Historically, human power – driven by increasing data and intelligence – is scaling rapidly and exponentially. Our ability to understand and predict "what is" continues to grow. However, our ethical development ("understanding what is good") is not keeping pace. The power-ethics gap is the car driving increasingly faster, while the driver’s skill is improving just a little bit as the ride goes on and on. This arguably represents one of the most critical problems globally. This imbalance has contributed significantly to increasing suffering and killing throughout history, potentially more so in recent times than even before. The widening power-ethics gap appears correlated with large-scale, human-caused harm.

The Focus of the AI Safety Space

Eliezer Yudkowsky, who describes himself as 'the original AI alignment person,' is one of the most prominent figures in the AI safety space. His philosophical work, many concepts he created, and his discussion forum platform and organizations have significantly shaped the AI safety field. I am in awe of his tremendous work and contribution to humanity, but he has a significant blind spot regarding his understanding of “what is”. Yudkowsky operates within a framework where (almost) only humans are considered sentient, that is his claim, whereas scientific evidence suggests that probably all vertebrates, and possibly many invertebrates, are sentient.

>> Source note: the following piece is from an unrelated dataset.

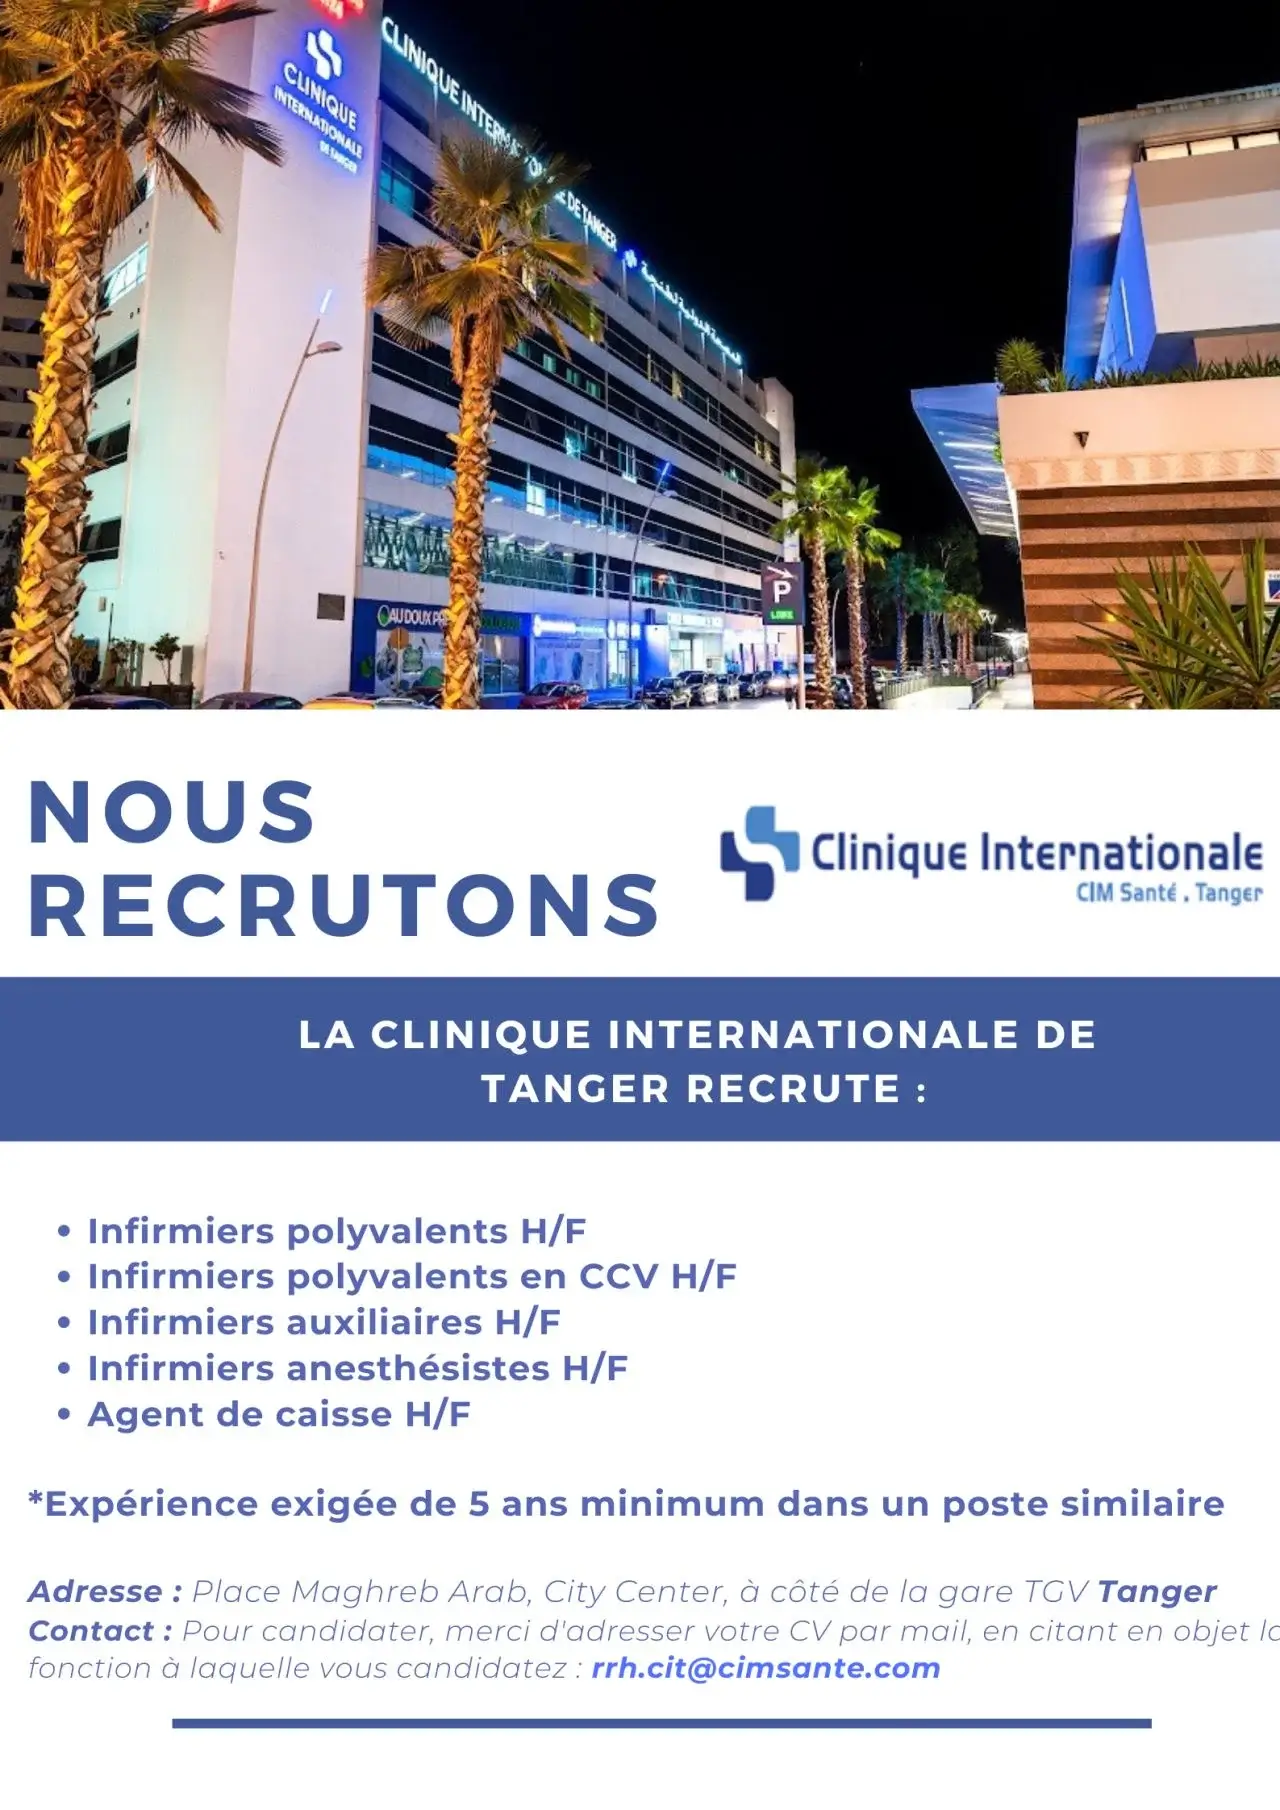 Nous recrutons pour le compte de la clinique internationale de Tanger les profils ci-dessous;

This discrepancy is crucial: one of the key founders of the AI safety space has built his perspective on an unscientific assumption that limits his view to a tiny fraction of the world's sentience.

The potential implications of this are profound and this highlights the necessity of re-evaluating AI safety from a broader ethical perspective encompassing all sentient beings, both present and future. This requires introducing new concepts and potentially redefining existing ones. This work is critical since the pursuit of artificial intelligence is primarily focused on increasing power (capabilities), hence it risks further widening the existing power-ethics gap within humanity.

Since advanced AI poses the threat talking away control and mastery of from humans, two crucial pillars for AI safety emerge: maintaining meaningful human control (power) and ensuring ethical alignment (ethics). Currently, the field heavily prioritizes the former, while the latter remains underdeveloped. From an ethical perspective, particularly one concerned with the well-being of sentientkind ('Sentientkind' being analogous to 'humankind' but inclusive of all feeling beings), AI safety and alignment could play a greater role. Given that AI systems may eventually surpass human capabilities, their embedded values will have immense influence.

We must strive to prevent an AI-driven power-ethics gap far exceeding the one already present in humans.

Suggesting New Concepts, Redefining or Highlighting Existing Ones

A monkey (representing evolution), a human, an AI, and a superintelligence. In order to achieve a good world, we probably need the last three to be aligned.

Beyond Singularity @ 2025-04-16T12:56 (+3)

Thank you for this deep and thought-provoking post! The concept of the "power-ethics gap" truly resonates and seems critically important for understanding current and future challenges, especially in the context of AI.

The analogy with the car, where power is speed and ethics is the driver's skill, is simply brilliant. It illustrates the core of the problem very clearly. I would even venture to add that, in my view, the "driver's skill" today isn't just lagging behind, but perhaps even degrading in some aspects due to the growing complexity of the world, information noise, and polarization. Our collective ability to make wise decisions seems increasingly fragile, despite the growth of individual knowledge.

Your emphasis on the need to shift the focus in AI safety from purely technical aspects of control (power) to deep ethical questions and "value selection" seems absolutely timely and necessary. This truly is an area that appears to receive disproportionately little attention compared to its significance.

The concepts you've introduced, especially the distinction between Human-Centric and Sentientkind Alignment, as well as the idea of "Human Alignment," are very interesting. The latter seems particularly provocative and important. Although you mention that this might fall outside the scope of traditional AI safety, don't you think that without significant progress here, attempts to "align AI" might end up being built on very shaky ground? Can we really expect to create ethical AI if we, as a species, are struggling with our own "power-ethics gap"?

It would be interesting to hear more thoughts on how the concept of "Moral Alignment" relates to existing frameworks and whether it could help integrate these disparate but interconnected problems under one umbrella.

The post raises many important questions and introduces useful conceptual distinctions. Looking forward to hearing the opinions of other participants! Thanks again for the food for thought!

VeryJerry @ 2025-04-16T13:44 (+1)

How can we unhypocritically expect AI superintelligence to respect "inferior" sentient beings like us when we do no such thing for other species? 

How can we expect AI to have "better" (more consistent, universal, compassionate, unbiased, etc) values than us and also always only do what we want it to do? 

What if extremely powerful, extremely corrigible AI falls into the hands of a racist? A sexist? A speciesist? 

Some things to think about if this post doesn't click for you

Ronen Bar @ 2025-04-17T12:00 (+2)

And thinking more long term, when AGI builds a superintelligence, that will build the next agents, and humans are somewhere 5-6 scales down the intelligence scale, what chance do we have for moral consideration and care by those superior beings? unless we realize we need to care for all beings, and build an AI that cares for all beings...